Dan Henderson believes he still has another UFC title run left in him

Dan Henderson returns to middleweight for the first time since 2010

Josh Hedges/Zuffa LLC/Zuffa LLC via Getty Images

At FOX UFC Fight Night this weekend in Sweden, Dan Henderson returns to middleweight for the first time since 2010, but his plan to drop back down to 185-pounds actually happened about a year ago.

Henderson defeated Mauricio ‘Shogun’ Rua last March in one of the best comebacks of the entire year, but following the victory he contemplated a move back down to middleweight where he was a title contender in his previous run with the UFC.

The UFC had other ideas.

"I think it was after I fought ‘Shogun’, I wanted to maybe move down to middleweight," Henderson told FOX Sports. "It felt like it was probably going to be a while to get a title shot at 205 and middleweight might be a little quicker at that time.  I told that to Dana (White) and he wanted me to fight D.C. (Daniel Cormier) anyways. I said alright and now I’m down at middleweight."

I wouldn’t be still doing it if I didn’t think it was possible

— Dan Henderson on making a title run at 44

The fight against Cormier was basically an unmitigated disaster for Henderson as he got tossed and trampled before getting choked out in the third round.  His loss ended up as highlight reel material for Cormier as he got ready for his showdown with Jon Jones at UFC 182, but even now Henderson refuses to look back at the decision to take the fight as a mistake.

"I don’t have regrets about that. I was just really light because I had back-to-back training camps and weighed in for D.C. at 199. I didn’t have a chance to get bigger. It was just one of those things," Henderson said.

While Henderson knows he came in extra-light for his last matchup at 205-pounds, he’s also aware of the questions that will undoubtedly come up this week as he makes his cut down to middleweight.

The last time Henderson fought at middleweight was in Strikeforce for a fight against then champion Jake Shields.  The day before the fight, Henderson stepped on the scale and looked completely depleted after a brutal weight cut to get down to 185-pounds.

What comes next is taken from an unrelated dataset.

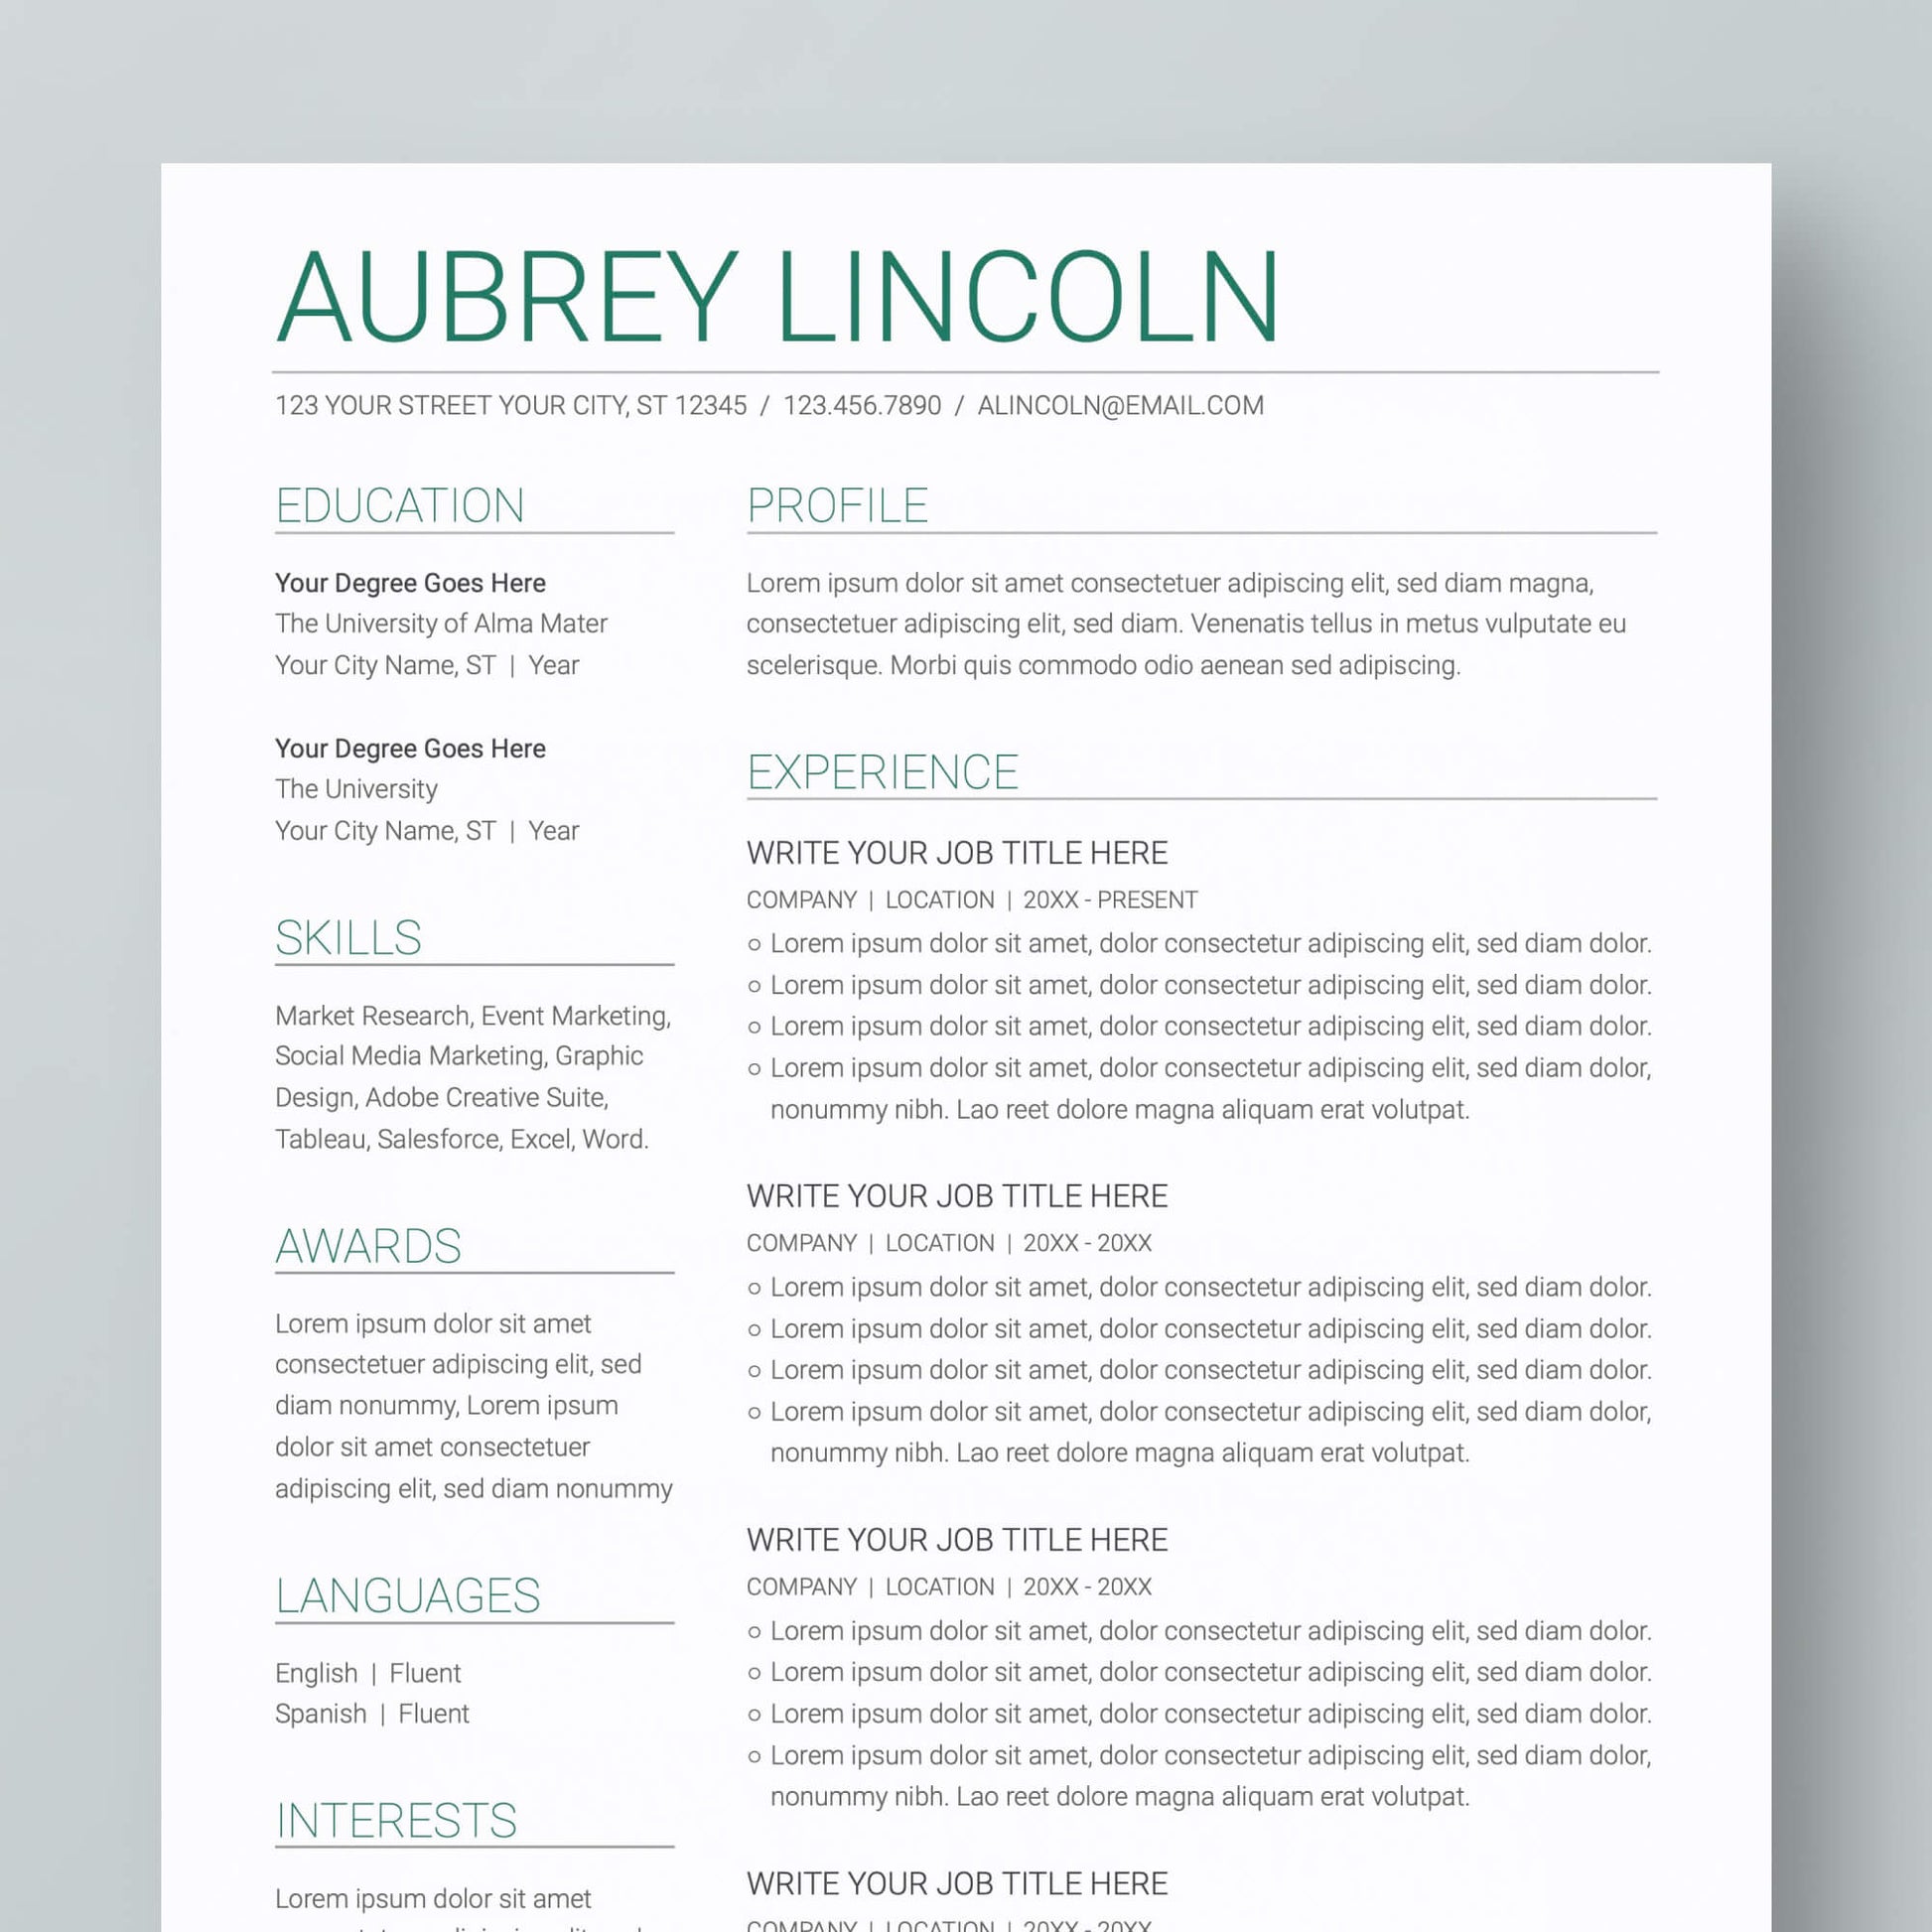 Resume Template: Aubrey Lincoln - MioDocs

Following the loss to Shields, Henderson moved back up to light heavyweight and even took a heavyweight fight against Fedor Emelianenko, but it seemed his days as a middleweight were long gone. 

Until now.

"Last time there were some other circumstances that made my weight pop up the last week.  It made the weight cut a lot tougher. My weight popped up the last week dealing with some medication.  This time is a little different," Henderson explained.  "Obviously, I’m not having to take medication that’s going to mess with my weight cut at all and I feel like I’m right on track. I’ve been eating really lean.  I’m down to about 200-pounds walking around before workouts so I’m right where I want to be."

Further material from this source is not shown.